Red Hat Bugzilla – Bug 65350
rsync process grows without bound, hoses machine
Last modified: 2014-08-31 19:24:09 EDT
I'm using rsync-2.5.4-2.
Because of a buggy old version of /etc/profile.d/lang.csh on one of my machines,
coupled with some commented out lines in /etc/sysconfig/i18n, coupled with the
fact that I use /bin/tcsh as my log in shell, every time I log into this
particular machine, I see a list of my entire argument (i.e., my shell runs the
command "setenv" as part of my login sequence).

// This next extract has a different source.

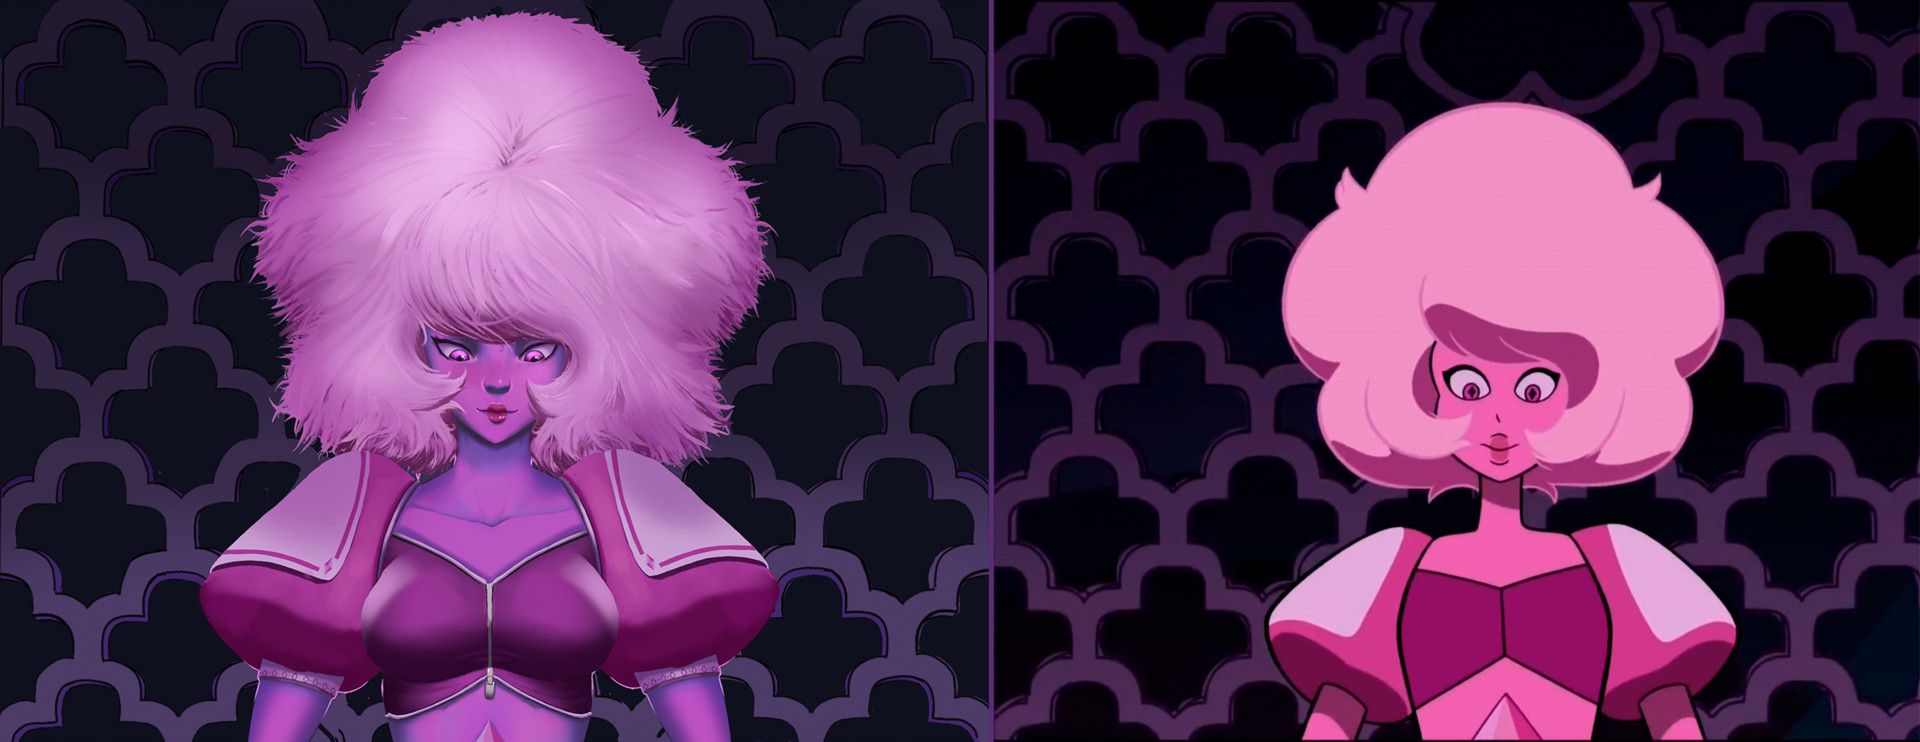 Delfox Pink Diamond - minh chứng rõ ràng cho sự huyền bí của loạt phim Steven Universe. Từ phần cách tân cho đến tính cách độc đáo của nhân vật, hình ảnh này cuốn hút và không thể bỏ qua.

All of this is relevant to rsync because rsync requires a "clean" connection
when you use "rsync -e ssh", i.e., it can't cope with garbage on the line such
as the output of "setenv". So, when I tried to rsync to copy files from this
machine using "rsync -e ssh", I saw this:
protocol version mismatch - is your shell clean?
(see the rsync man page for an explanation)
rsync error: protocol incompatibility (code 2) at compat.c(58)
Received signal 10. (no core)
The problem is that after I got this message on the client, the rsync process on
the server *continued to run*, consuming more and more memory and hosing the
machine (the load average got above 45 before somebody rebooted the machine
because they didn't realize they could solve the problem simply by killing the
I think I've provided enough information for you to be able to duplicate the
problem; if not, please let me know and I'll debug it further here.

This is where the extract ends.